Outro ponto importante é a possível mudança de comportamento dos investidores. A taxa de staking da Solana é alta em comparação com outras redes, com cerca de 67,9% da oferta em staking, quase o dobro do Ethereum, segundo a 21Shares. Com rendimentos menores, parte desse capital poderia buscar retornos em outros usos dentro da rede, como DeFi, pagamentos, trading e aplicações financeiras on-chain.

Essa é uma das teses mais otimistas para a Solana. Em vez de apenas remunerar investidores por manter SOL travado em staking, a rede tentaria empurrar mais capital para atividade econômica real dentro do ecossistema. Mais uso pode gerar mais taxas, mais MEV e mais demanda por infraestrutura, fortalecendo a tese da blockchain como plataforma financeira.

A 21Shares também aponta que a Solana já tem sinais relevantes de uso. Segundo a gestora, a rede possui participação de liderança em ações tokenizadas e processou mais de 22% das transações com stablecoins em 2026, apesar de concentrar apenas 5% da oferta global de stablecoins. Para a casa, isso indica eficiência e espaço para crescimento.

A leitura do mercado também se apoia em precedentes. A 21Shares cita o EIP-1559 do Ethereum, que introduziu mecanismo de queima em agosto de 2021, e a Proposta 848 da Cosmos, que reduziu a inflação máxima do ATOM em novembro de 2023. Nos dois casos, os tokens subiram no curto prazo após mudanças ligadas à redução de oferta, embora o desempenho também tenha sido influenciado por condições mais amplas do mercado.

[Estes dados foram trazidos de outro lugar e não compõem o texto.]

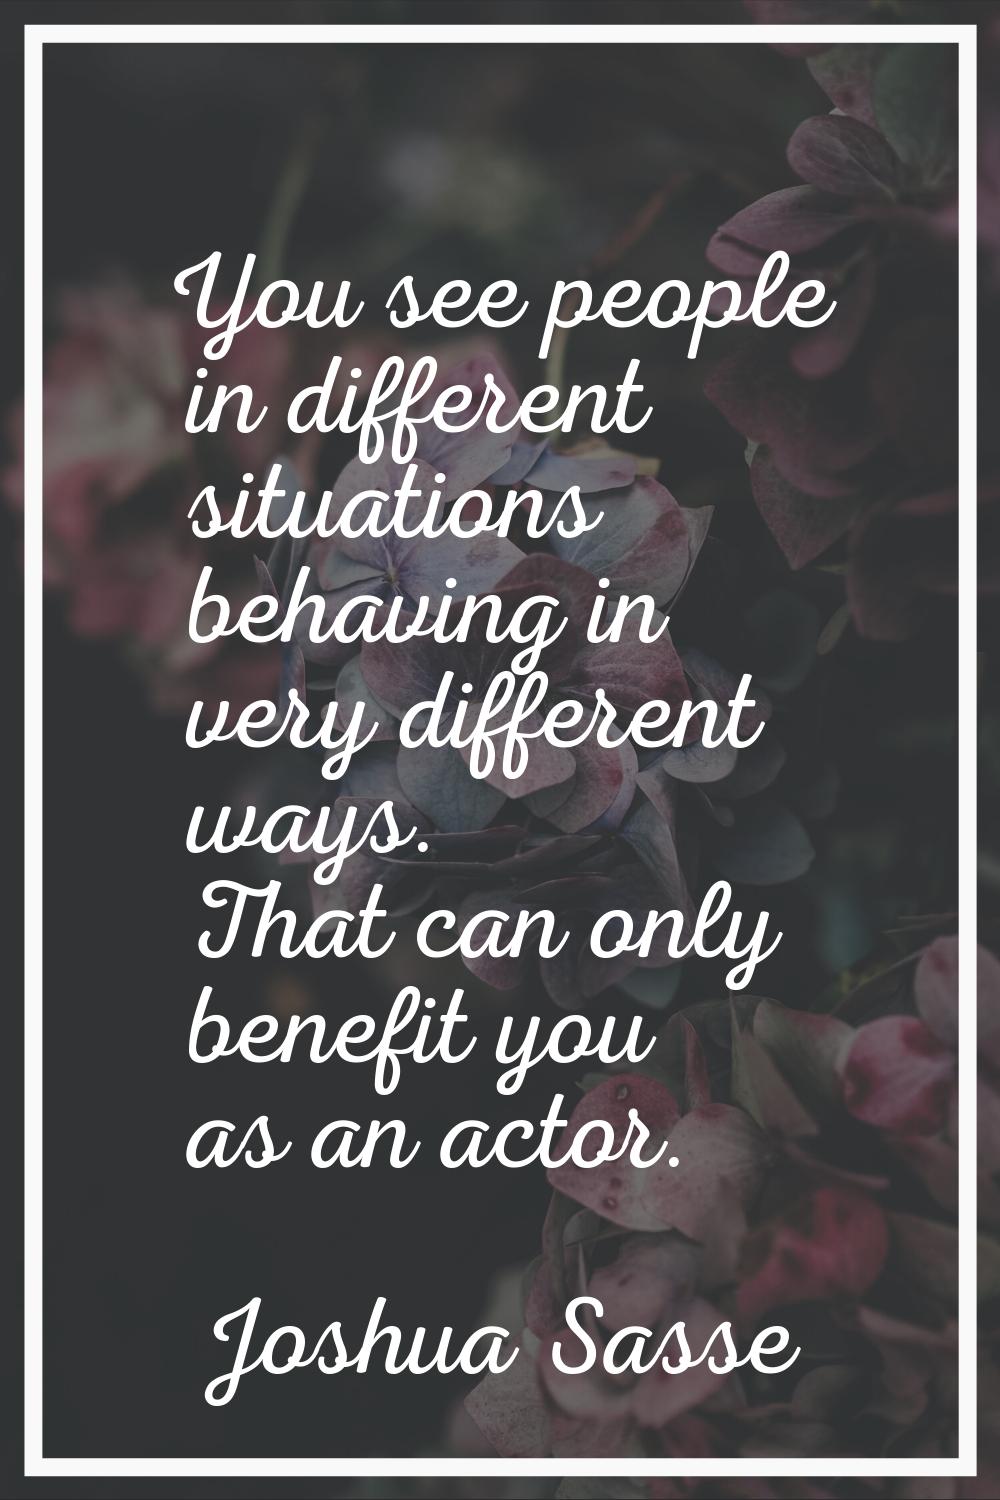 You see people in different situations behaving in very different ways. That can only benefit you a

Por isso, a alta da Solana não deve ser explicada apenas pela votação. O mercado cripto como um todo vive uma recuperação forte, com Bitcoin perto de US$ 80 mil, ETFs voltando a atrair recursos e investidores retomando apetite por risco. Nesse ambiente, ativos de maior beta, como SOL, costumam subir mais do que o BTC.

Ainda há riscos. A aprovação das propostas não altera automaticamente o protocolo. A votação dá aval político e técnico para seguir com o processo, mas detalhes de implementação e cronograma ainda precisam ser definidos. Além disso, a SIMD-553 ainda tem pontos em aberto sobre custos para validadores, que poderiam subir de forma relevante e pressionar a rentabilidade de parte da rede.

Para o preço da Solana, a questão agora é se a narrativa de menor emissão será suficiente para sustentar a alta depois do rali inicial. No curto prazo, a SOL se beneficia de três fatores ao mesmo tempo: mercado cripto aquecido, rotação para altcoins e expectativa de uma mudança tokenômica favorável. No médio prazo, o teste será mostrar que menos staking passivo pode se transformar em mais atividade, mais taxas e mais demanda real dentro do ecossistema.